[[ Raw data open ]]
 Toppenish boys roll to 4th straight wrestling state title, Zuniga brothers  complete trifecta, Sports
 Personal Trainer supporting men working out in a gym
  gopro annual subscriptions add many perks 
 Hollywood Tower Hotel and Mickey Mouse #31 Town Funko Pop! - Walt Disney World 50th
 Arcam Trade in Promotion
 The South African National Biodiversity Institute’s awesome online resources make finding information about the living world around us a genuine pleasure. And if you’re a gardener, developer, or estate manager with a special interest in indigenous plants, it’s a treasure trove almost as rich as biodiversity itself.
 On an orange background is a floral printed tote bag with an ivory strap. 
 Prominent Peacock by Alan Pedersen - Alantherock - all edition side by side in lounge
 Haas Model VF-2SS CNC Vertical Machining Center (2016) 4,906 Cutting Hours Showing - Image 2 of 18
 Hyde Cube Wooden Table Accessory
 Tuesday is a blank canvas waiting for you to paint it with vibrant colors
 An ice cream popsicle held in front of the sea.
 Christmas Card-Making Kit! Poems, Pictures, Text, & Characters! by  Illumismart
[[ Raw data closed ]]
> _Work instructions_: In the entries above, the lines from the one bearing "Personal Trainer supporting" up to and including the one bearing "The South African" should be transcribed exactly; no other line is wanted.

> _Exercise solution_:
 Personal Trainer supporting men working out in a gym
  gopro annual subscriptions add many perks 
 Hollywood Tower Hotel and Mickey Mouse #31 Town Funko Pop! - Walt Disney World 50th
 Arcam Trade in Promotion
 The South African National Biodiversity Institute’s awesome online resources make finding information about the living world around us a genuine pleasure. And if you’re a gardener, developer, or estate manager with a special interest in indigenous plants, it’s a treasure trove almost as rich as biodiversity itself.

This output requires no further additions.